I probably needed help. Fine, I definitely needed help. But rehab doesn’t exist to treat your addiction, rehab exists to treat the problems that caused your addiction. There’s a reason interventions are all about feelings, fucking rehab is all about feelings. You talk to a psychiatrist and go to group therapy and spill the secrets of your fucked up childhood or learn that you have a serious mental problem. If you don’t spill your secrets, if you don’t get help you don’t get cured. That’s my problem. My secret is not acceptable, it’s not a nightmare from my childhood, it’s not something I did, it’s just something I know is very wrong. I started drinking to forget how disgusting all of it is.

It didn’t make me forget but it made it a little easier to deal with. It also helped me make fucking dumb decisions. Like coming in at ungodly hours and settling on the couch with her to watch some nature documentary. Alright, that isn’t that bad but then I curled up under the blankets with her which would only be a little unsettling if I wasn’t such a dumbass. She was so close and everything was calm for once so I just settled my hand on top of hers lightly and it was nice so I curled my fingers in-between hers. She didn’t react at first and then she curled her fingers into my palm and held them there until I passed out.

                The girl I’m talking about is my sister. The girl on the couch was my little sister, Sammy. I got drunk and held her hand because I lust after—love? Fuck it, yeah, I’m in love with her. There’re too many stupid, soft, mushy feelings to just be lust. So I don’t wanna go to rehab because then I’ll have to explain that I drink to forget that I wanna kiss my little sister. Explain that when she brings a boy home my first thought isn’t to protect her, it’s that I’m jealous of him. I’m a shitty brother and an even shittier son—and do you hear that self-hatred? Better chase that down with something hard maybe cider, nice and seasonal.

                This is why I definitely needed help, simple, non-judgmental help.
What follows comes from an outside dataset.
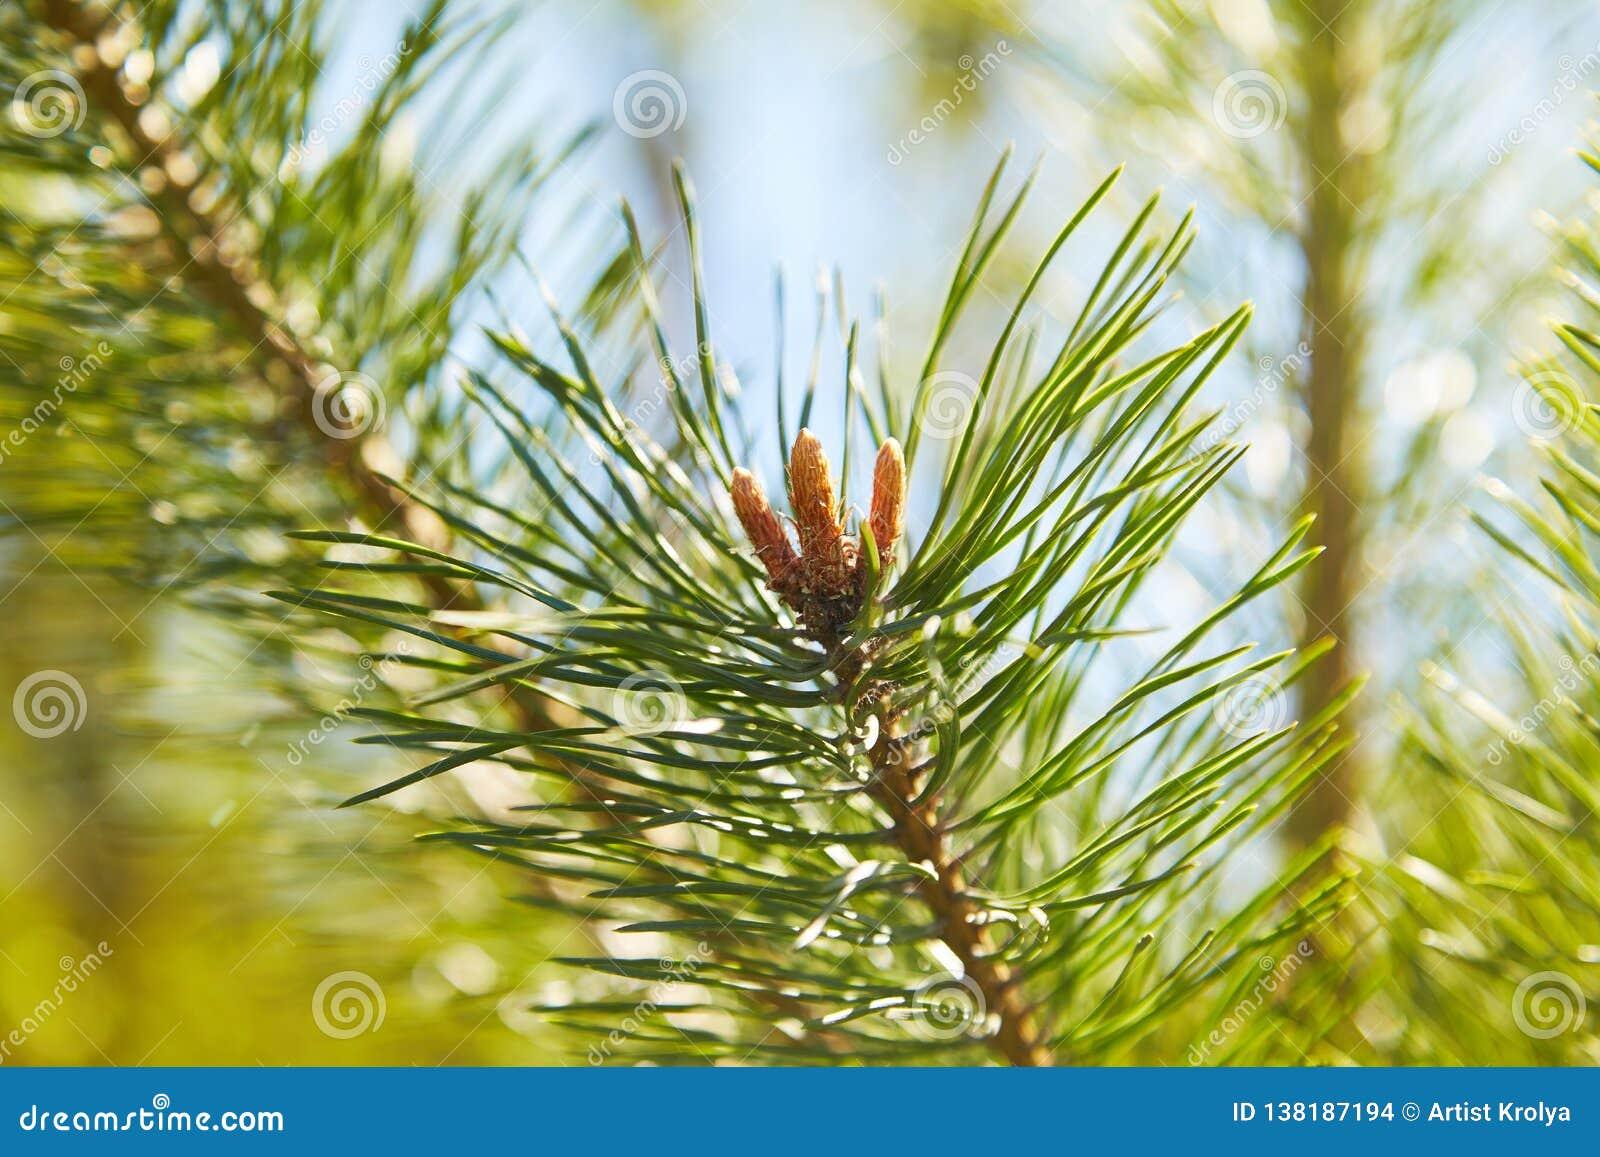 Grüne Kiefernniederlassung mit Nadeln und jungen Kegeln

I needed a therapist like Freud, or at least one who likes him. Then when I say that I want to kiss my sister they’ll just stroke their beard thoughtfully and say, “interesting.” But those therapists don’t exist anymore. Members of the psychiatric community are just as disturbed by incest as the rest of society. Guess I picked the wrong time to be a thoroughly fucked up individual.
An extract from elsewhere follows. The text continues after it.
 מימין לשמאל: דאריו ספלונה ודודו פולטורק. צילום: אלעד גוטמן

                The intervention wasn’t even remotely surprising. I was actually surprised that they didn’t call one sooner. It was full of friends I didn’t really like and an ex that never got the memo that she was an ex. They were full of overdramatics about how I wasn’t ‘the same person.’ I had to fight down laughter because they didn’t know anything about me, they wouldn’t know if I changed. Then there were some family members that never visited but somehow managed to make time for this, telling me the same generic tripe about throwing my life away. This was supposed to motivate me? Really? These people I don’t give a shit about throwing Hallmark sentiments at me? Right, sorry, I have seen the errors of my way, I’m off to rehab, everyone. I mean, fuck, I came to more significant conclusions while totally shitfaced.

                Sammy had no reaction to anything anyone else said or did, she just twitched nervously in her seat not looking at me. That was nothing new we hardly looked at each other anymore. We considered it dangerous. She spoke last, the only person I really cared about said one sentence at my intervention. She sat straight up and locked her eyes with mine, I met the gaze for once. “Matt, I don’t remember what your smile looks like.” Her voice was calm and steady and measured.
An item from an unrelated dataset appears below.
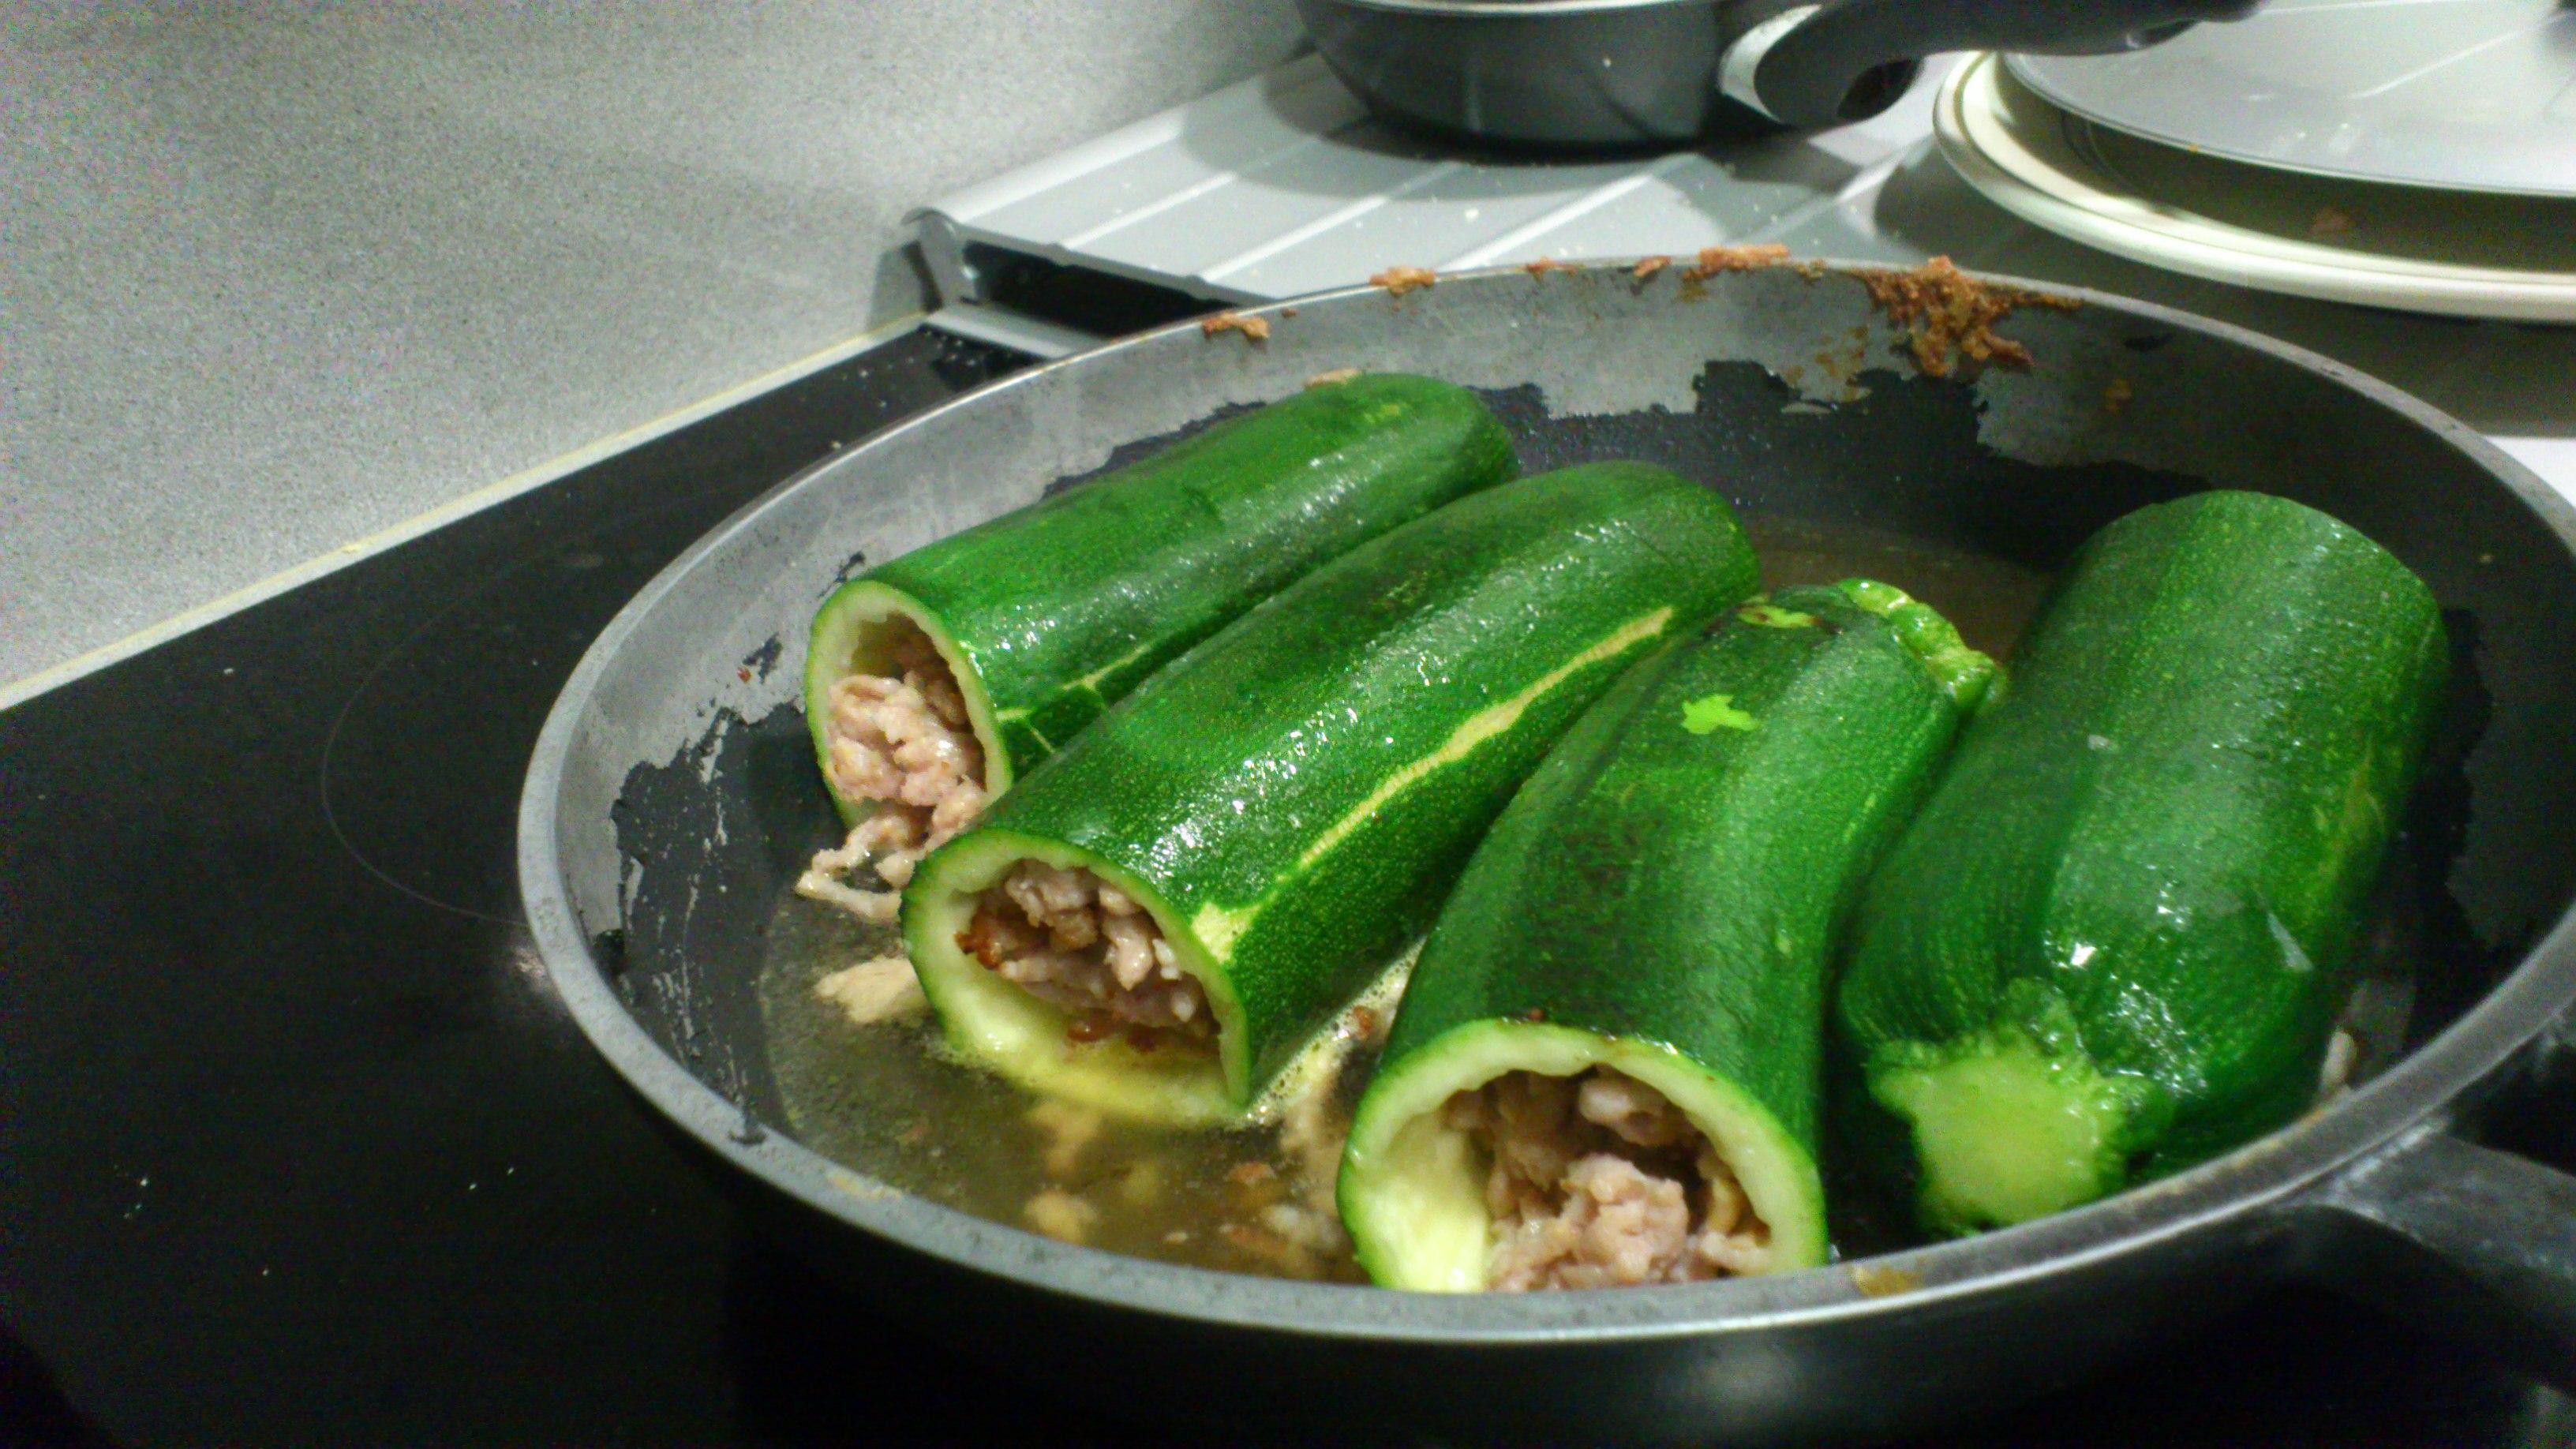 Receta siria calabacines rellenos de carne con salsa de yogur y almendras las recetas de merxi - Salsa para relleno de carne ...

                “Neither do I.” It was said with a weird clarity I hadn’t felt in a while. Of course she didn’t remember my smile. She was the only thing that made me smile and I couldn’t smile at her that was more dangerous that looking at each other. I should’ve tossed a smile her way just to be difficult but the idea that she didn’t know what my smile looked like sobered me too much to rely on snark. I gave a bitter, faked smile to make up for that. “Do you think you’ll remember if I go to rehab, Sammy?”